Joseph S. Iseman (May 29, 1916 â April 25, 2006) was an attorney and educator known for his work with National Television, Children's Television Workshop, also known as Sesame Workshop, and Bennington College (where he stepped in as acting president in 1976), as well as the American University of Paris, where he served for a time as the vice chair. As a lawyer at the firm of Paul, Weiss, Rifkind, Wharton & Garrison LLP, Iseman notably managed the estates of composer Cole Porter, writer Vladimir Nabokov, writer Jean Stafford, poet Robert Lowell, writer A. J. Liebling, artist Robert Motherwell, writer and historian Theodore H. White, Saturday Review and its editor Norman Cousins, and playwright Arthur Miller. He was also the father of New York City businessman Frederick Iseman.

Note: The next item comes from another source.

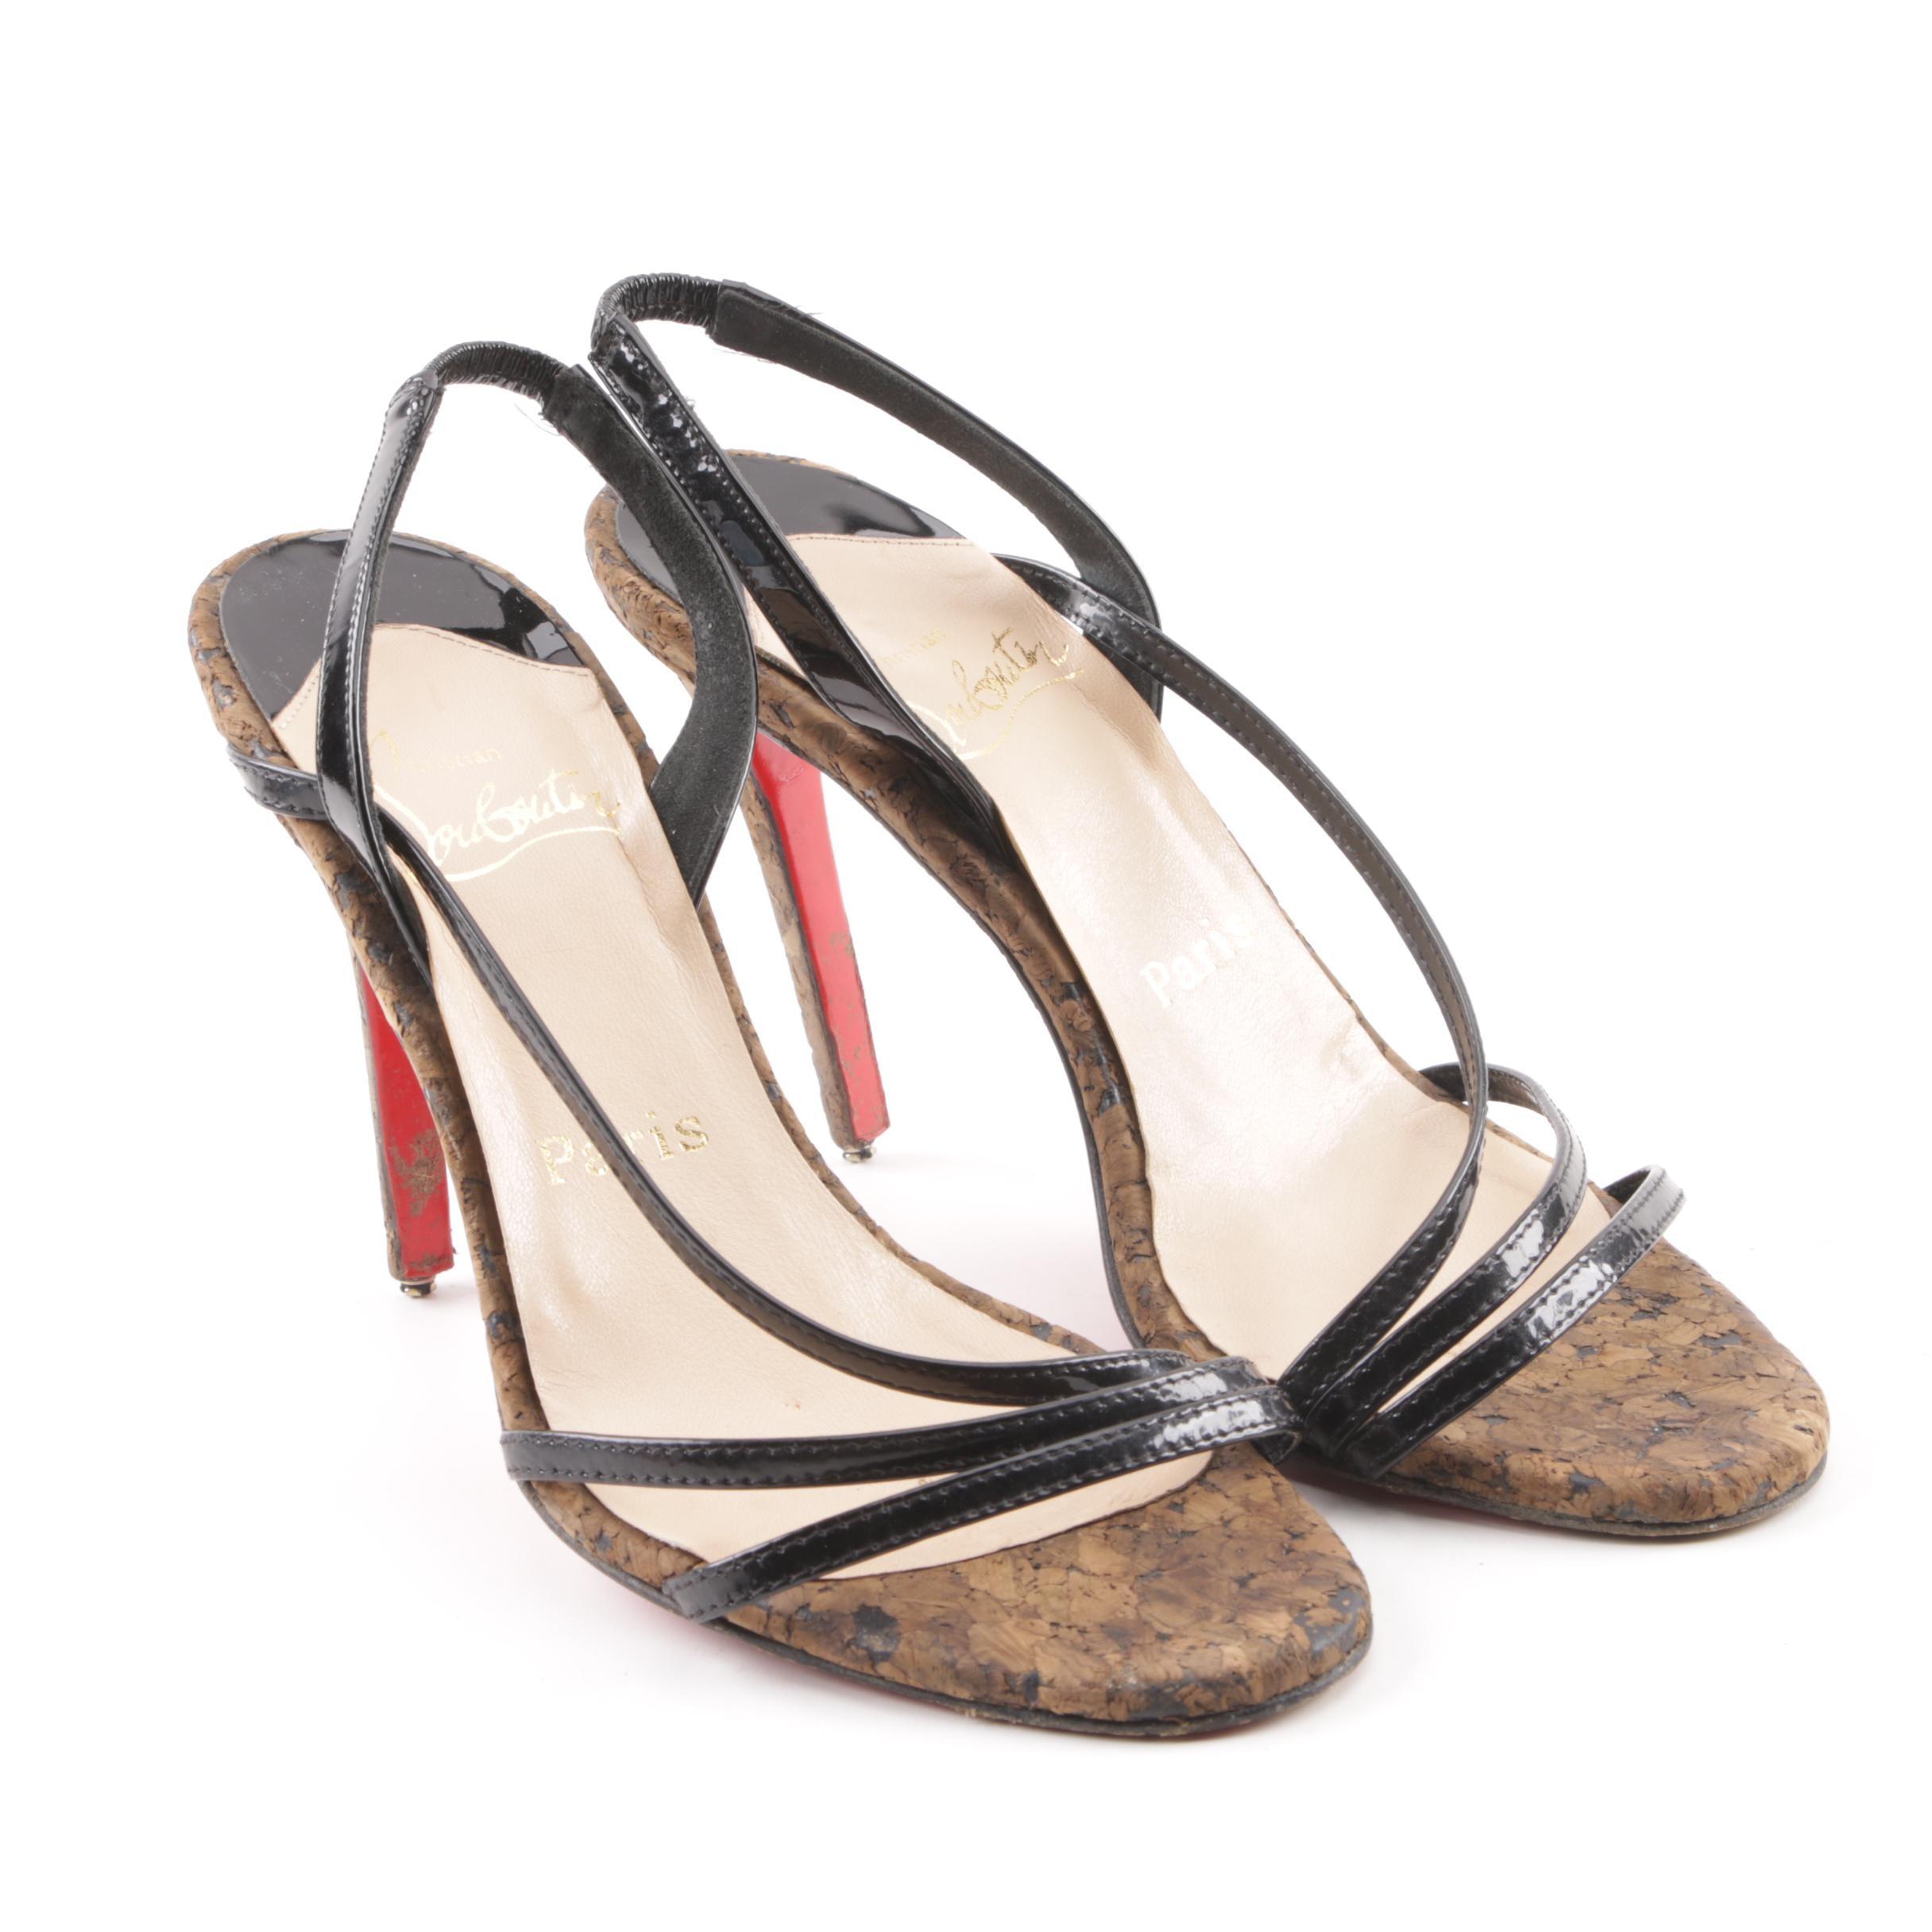 Women's Christian Louboutin Brown Patent Leather Cork Heel Slingback Sandals

Iseman attended the Ethical Culture School in New York, earned his Bachelor of Arts degree from Harvard College in Cambridge, Massachusetts in 1937, and his J.D. from Yale Law School in New Haven, Connecticut in 1941.[1]
Iseman worked as an investigator and clerk for Commercial Factors Corporation from 1937 to 1938. After graduating from Yale, he worked as an attorney until he joined the United States Army during World War II from 1942 to 1946. He obtained the rank of captain in the Army Air Force.
After his return to the United States, Iseman moved to New York and worked for Chadbourne, Wallace, Parke and Whiteside as a law associate. In 1950, he left to practice law at Paul, Weiss, Rifkind, Wharton and Garrison. At this firm he was made a full partner in 1954 where he worked in the area of legal affairs for public broadcasting.
Joseph Iseman was a trustee of Bennington College, and for one year was Acting President in 1976. Iseman was a Woodrow Wilson Visiting Fellow at the College of William and Mary in Williamsburg, Virginia and at six other American colleges and universities from 1977 through 1984. Iseman was vice-chairman of the board of directors of the American University of Paris and a Director of the Civic Education Project.
Iseman died at the age of 89. According to his family, the cause of death was cardiac arrest.[2]